Non-beating-heart donors aus ethischer Perspektive
In letzter Zeit wird die Organentnahme von Patienten nach Herzstillstand – ohne daß der Hirntod vorher bereits zweifelsfrei eingetreten ist – diskutiert (R.M.H. Wijnen et al. In: Lancet 1995, 1067-1070). Die damit verbundenen medizinischen Ziele, mehr Organe zur Rettung von Menschen für Organtransplantationen zu erhalten, sowie eine möglicherweise größere Erfolgsaussicht bei der Transplantation sind zunächst auch unter ethischen Gesichtspunkten zu begrüßen. Allerdings wird aus Zentren, in denen diesbezügliche Forschungen gemacht wurden, über eine hohe Widerspruchsrate durch die Verwandten berichtet. Bestehen die Sorgen dieser Verwandten zurecht und wie sind sie ethisch zu bewerten?

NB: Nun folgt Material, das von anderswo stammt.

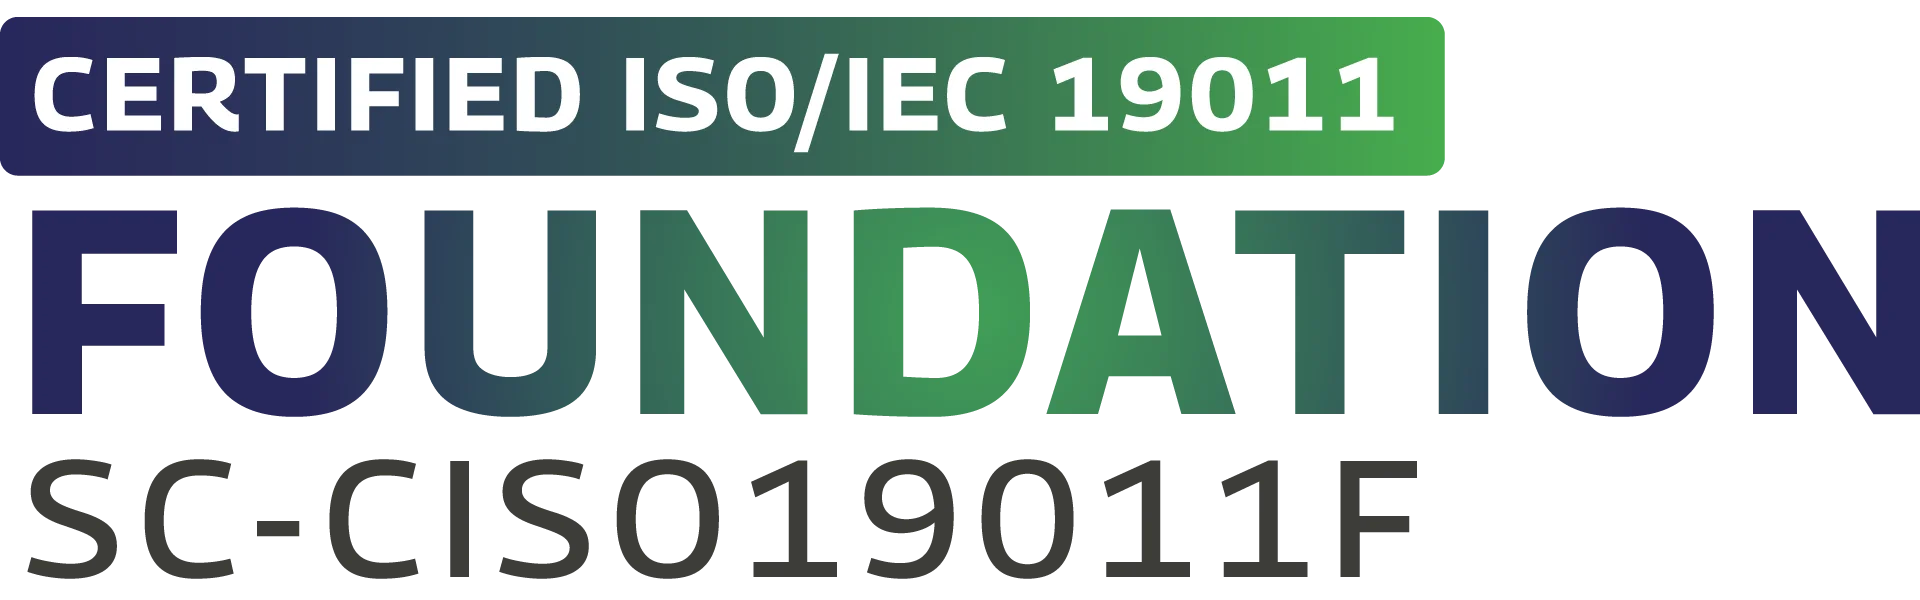 logo certificación Certified ISO/IEC 19011 Foundation

Unter drei voneinander gut zu unterscheidenden Gesichtspunkten soll eine Annäherung an die Beantwortung dieser Frage gesucht werden.
1. Die erste und grundlegende ist eine der ethischen Frage vorgelagerte medizin- anthropologische: Mit Hilfe welcher Kriterien wird der Tod eines Menschen zweifelsfrei festgestellt? Diese Frage gilt es gut zu unterscheiden von der Debatte, ob dieser Mensch noch ein Mensch in Sinne einer Person sei (vgl. W. Wolbert: Zur neueren Diskussion über den Gehirntod. In: Ethik in der Medizin 1996, 6-18). Es geht auch nicht um eine Definition des Todes. Den Tod des Menschen anthropologisch umfassend definieren zu wollen hieße ja, ihn von allen Seiten her erforschen zu können. Dies ist aber aus einsichtigen Gründen nicht möglich, da sich die „Rückseite“ des Todes, gleichsam was nach dem Tod kommt, schlechterdings menschlichen Wissensmöglichkeiten entzieht. Dennoch bedarf es einer juristischen Festlegung des Todes. Es kann also nur um Kriterien gehen, mit denen die Medizin heute unter geänderten Reanimationsmöglichkeiten den Tod des Menschen feststellt. Früher galt der irreversible Herz-Kreislaufstillstand als verläßliches und allseits akzeptiertes Kriterium. Das wurde aber seit der Havard-Stellungnahme durch den Hirntod ergänzt, da bislang als nicht reanimierbar geltende Patienten durch die Fortschritte der Medizin reanimiert werden konnten. Diese Bestimmung des Hirntodes wurde 1968 aber unter dem Aspekt der Fragestellung gefunden, wann eine Behandlung, bzw. Wiederbelebungsversuche abgebrochen werden können, weil der Mensch trotz technisch noch möglicher Maßnahmen für seinen Kreislauf hirntod ist. Erst nachträglich wurde dieses Kriterium dann auch als Voraussetzung für eine Organentnahme angewandt. Unter anthropologischem Aspekt ist dieses Kriterium nicht mit dem Verlust des Bewußtseins durch Ausfall der Großhirnrinde oder deren Teile begründbar, – nicht die Zerstörung eines Organs ist der entscheidende Gesichtspunkt – sondern die Tatsache, daß das Integrationsorgan der leib-seelischen Ganzheit eines Menschen irreversibel zerstört ist. Voraussetzung ist allerdings der Ganzhirntod: Hirnrinde und Hirnstamm. Wenn also bei einem Menschen nach diesen Kriterien der Hirntod festgestellt ist, ist der anthropologische Status dieses Wesens trotz möglicher, noch vorhandener spinaler Reflexe peripherer Art und der damit gegebenen lebensweltlichen Wahrnehmung von Bewegung ein toter Mensch. Eine Organentnahme bedeutet daher keine Tötung, denn einen toten Menschen kann man nicht mehr töten.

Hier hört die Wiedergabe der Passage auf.